RESULTS: The majority of infections in the 293 patients were hospital-acquired (n = 249) or healthcare-associated (n = 42). Phylogenetic analysis showed that 291 of 293 isolates resided in a hospital-associated clade that contained numerous discrete clusters of closely related isolates, indicative of multiple introductions into the hospital followed by clonal expansion associated with transmission. Fine-scale analysis of 6 exemplar phylogenetic clusters containing isolates from 93 patients (32%) identified complex transmission routes that spanned numerous wards and years, extending beyond the detection of conventional infection control. These contained both vancomycin-resistant and -susceptible isolates. We also identified closely related isolates from patients at Cambridge University Hospitals NHS Foundation Trust and regional and national hospitals, suggesting interhospital transmission.
CONCLUSIONS: These findings provide important insights for infection control practice and signpost areas for interventions. We conclude that sequencing represents a powerful tool for the enhanced surveillance and control of nosocomial E. faecium transmission and infection.

Enterococcus faecium is a leading cause of nosocomial infections in critically ill and immunocompromised patients [1]. In 2009–2010, E. faecium was among the top 10 most common microorganisms associated with healthcare-associated infections in the United States [1]. Vancomycin resistance in E. faecium (VREfm) was first reported in 1988 [2, 3] and has since become globally disseminated. Infections caused by vancomycin-resistant enterococci (VRE) have limited treatment options, and are associated with higher mortality and healthcare costs compared with those caused by vancomycin-susceptible enterococci [4-8]. Eradication of E. faecium from healthcare settings is challenging because it is often carried in the gut by hospitalized patients [9, 10] and can persist in the environment [11, 12]. Furthermore, some hospital infection control measures such as active screening programs of high-risk patients to detect and isolate VREfm carriers are not universally practiced.

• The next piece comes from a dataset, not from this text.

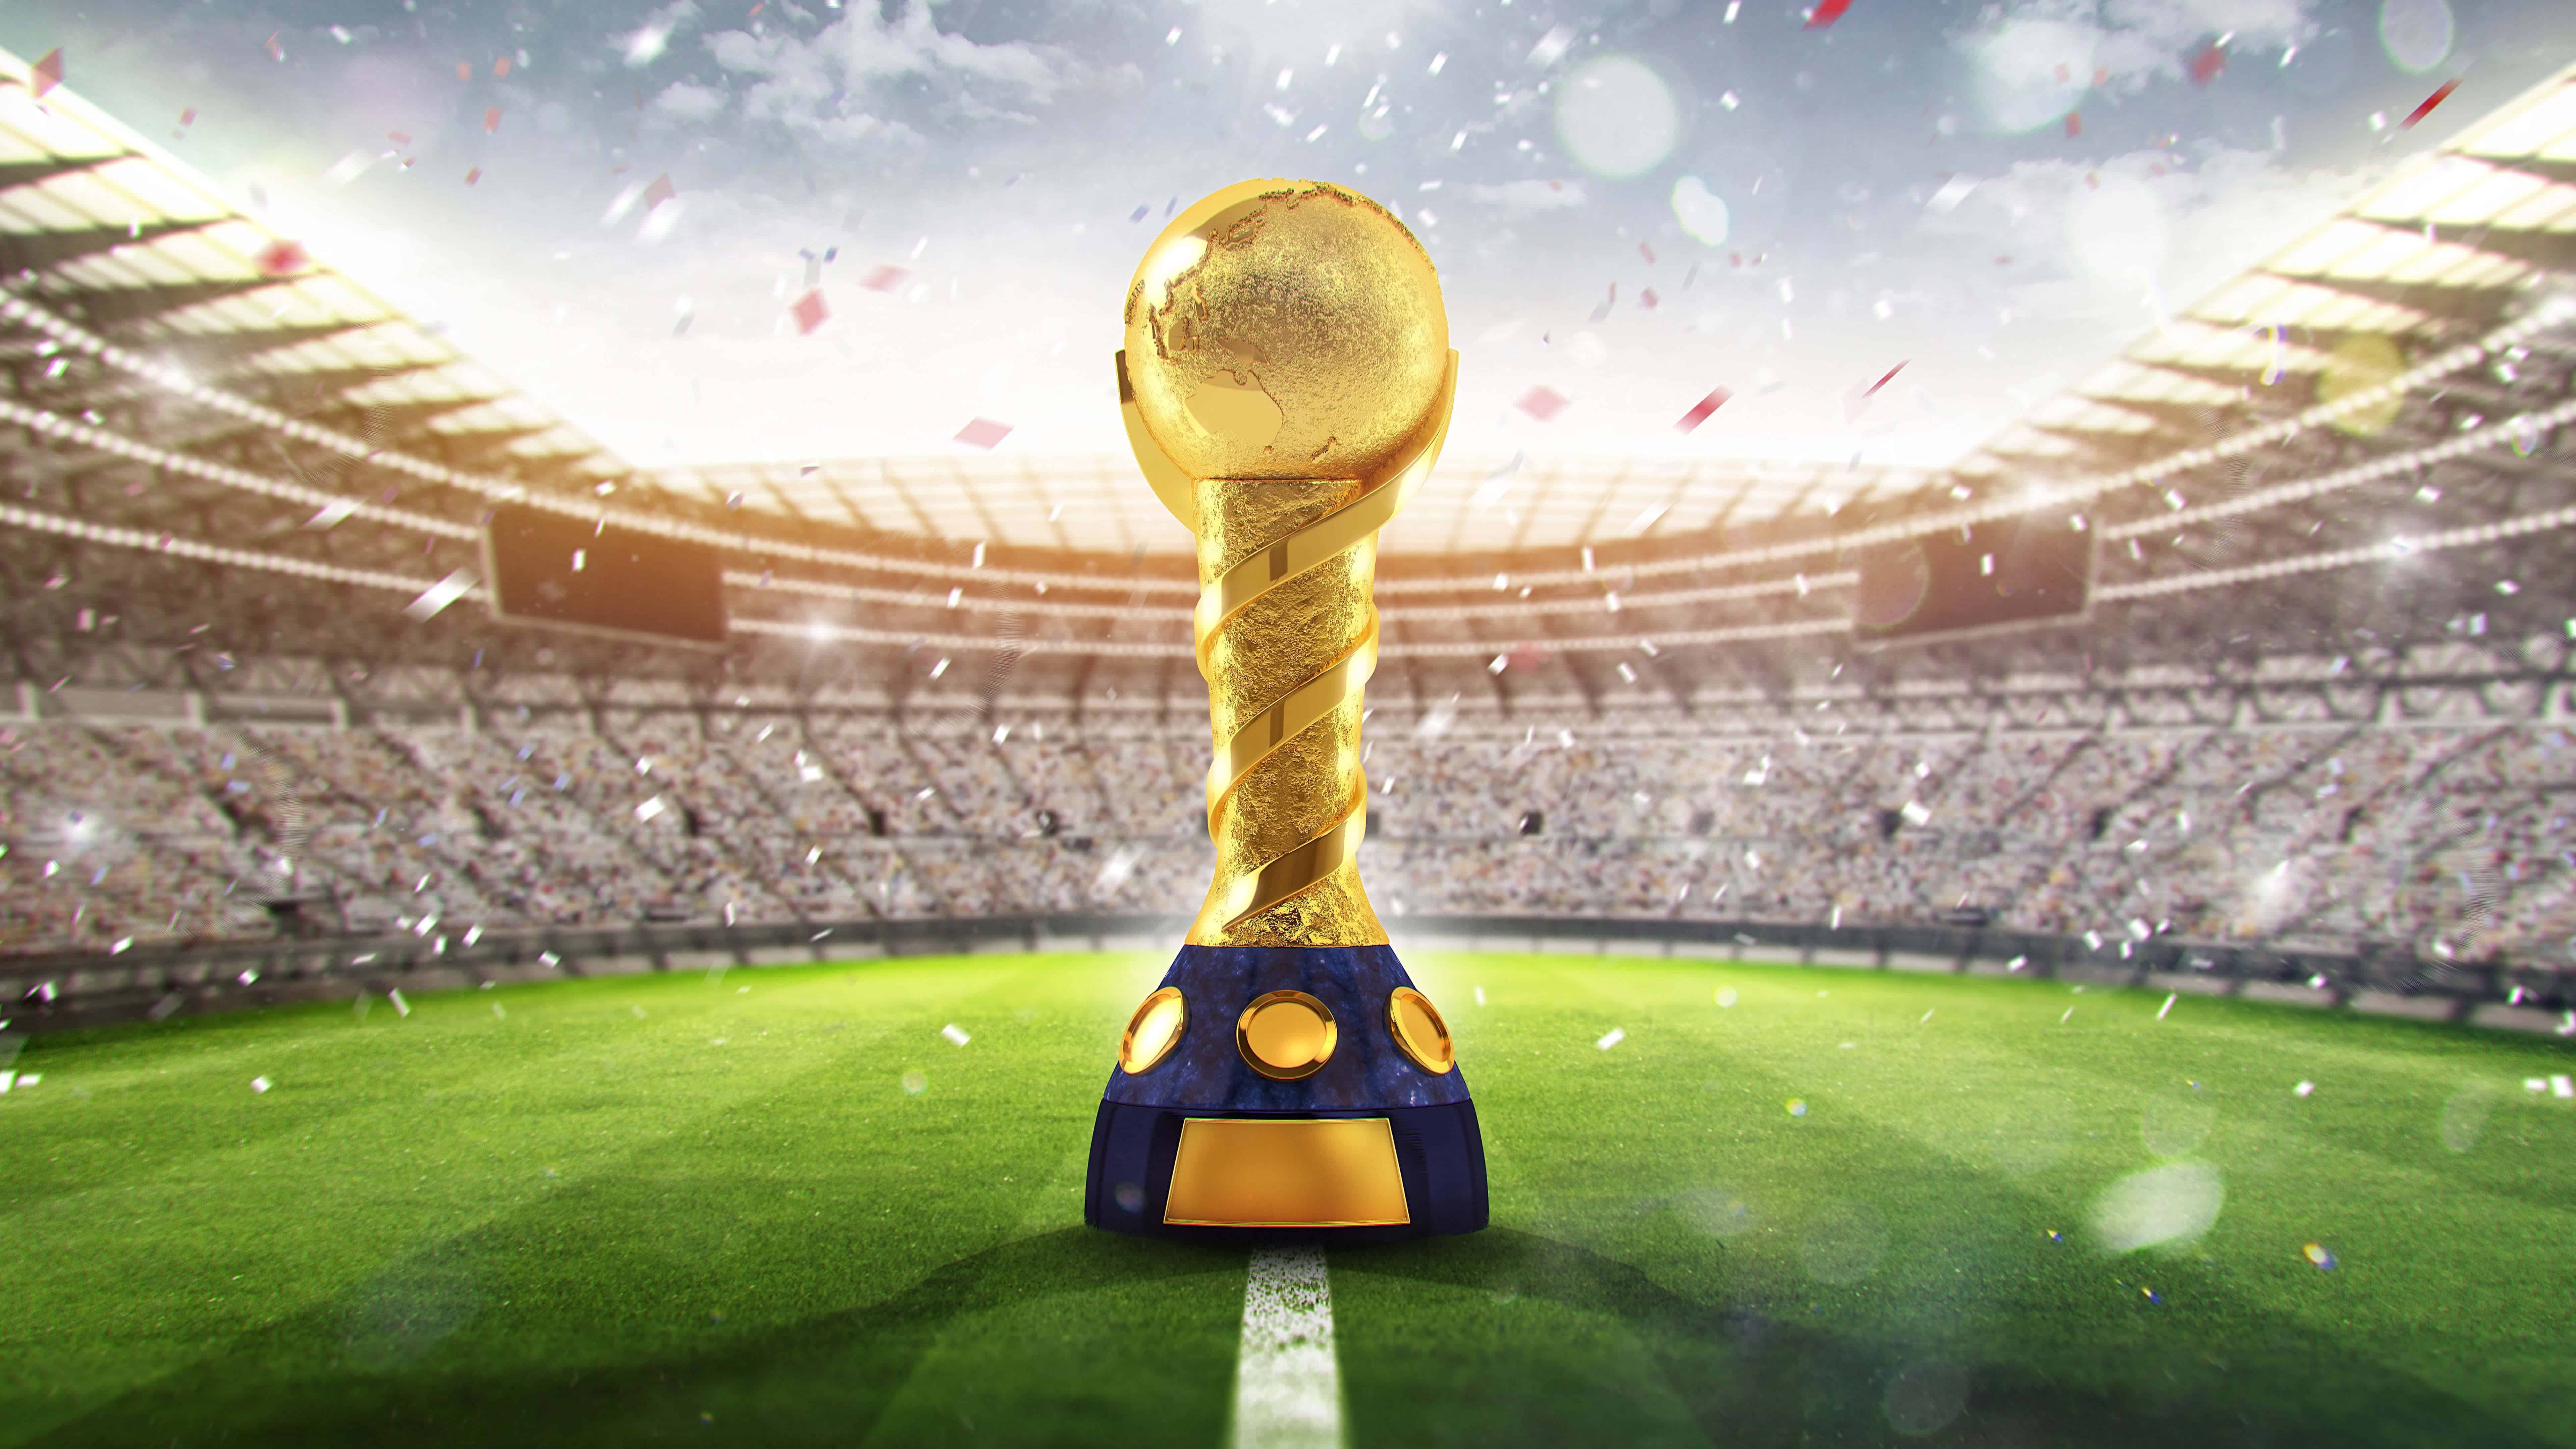 Fifa World Cup 2018 Russia Golden Trophy UHD 8K Wallpaper | Pixelz
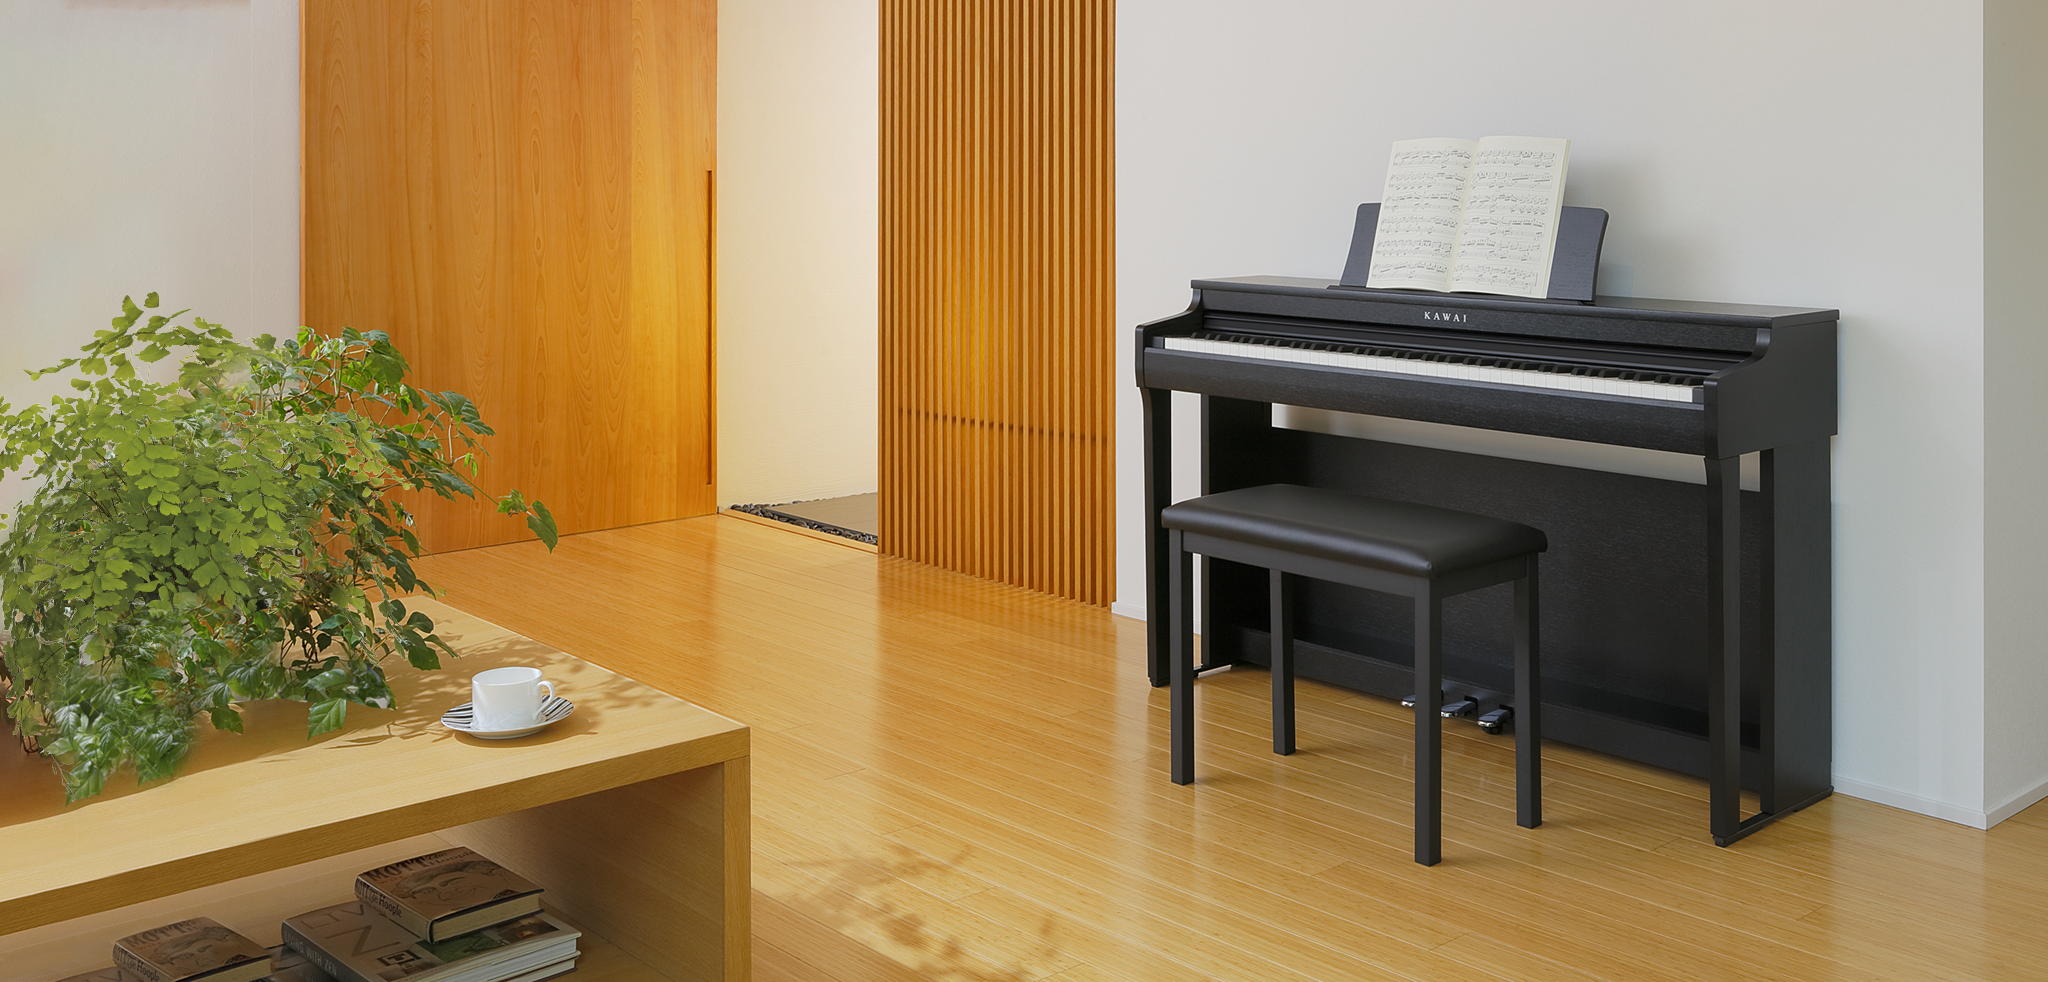 Kawai CN29｜Digital Pianos｜Products｜Kawai Musical Instruments Manufacturing  Co., Ltd.

The investigation of suspected VREfm outbreaks is triggered when 2 or more VREfm-positive individuals are identified in the same time and place. This epidemiological approach may be complemented by bacterial typing, but available methods lack sufficient resolution to distinguish between isolates belonging to the same genetic lineage [13]. Whole-genome sequencing (WGS) provides greater discrimination between isolates for a range of nosocomial pathogens, but the study of E. faecium has lagged behind. The first completed E. faecium genome was only published in 2012 [14], and subsequent genome-based studies have involved relatively small numbers of isolates [13, 15–17]. A single study to date has addressed the clinical application of E. faecium WGS to patient cohorts, which used a core genome multilocus sequence typing scheme and confirmed the utility of WGS for the study of E. faecium outbreaks [18]. Here, we report the findings of a large study that establishes a role for genome sequencing in the investigation of E. faecium transmission.

METHODS

Microbiology and Sequence Data

A retrospective study was conducted at the Cambridge University Hospitals NHS Foundation Trust (CUH), a tertiary referral center in the United Kingdom with 1170 beds and 350000 occupied-bed-days per year. The average rate of hospital-associated E. faecium bacteremia at CUH was approximately 12.5 vancomycin-resistant and 7 vancomycin-susceptible bacteremias per 100000 bed-days between January 2006 and December 2012. All patients with E. faecium bloodstream infection between November 2006 and December 2012 were identified using the diagnostic microbiology laboratory database (n = 342) and cross-referenced with the bacterial freezer archive to identify cases with at least 1 stored E. faecium isolate (n = 293). Their first stored isolate (200 VREfm, 93 vancomycin-susceptible E. faecium [VSEfm]) was sequenced, together with the first stored isolate from 15 patients with E. faecium bacteremia at 2 neighboring hospitals (Papworth and Hinchingbrooke) in 2012 (isolates were not available prior to 2012). All 57 CUH isolates from 2012 and an additional 21 CUH isolates from the study have been reported previously [19, 20].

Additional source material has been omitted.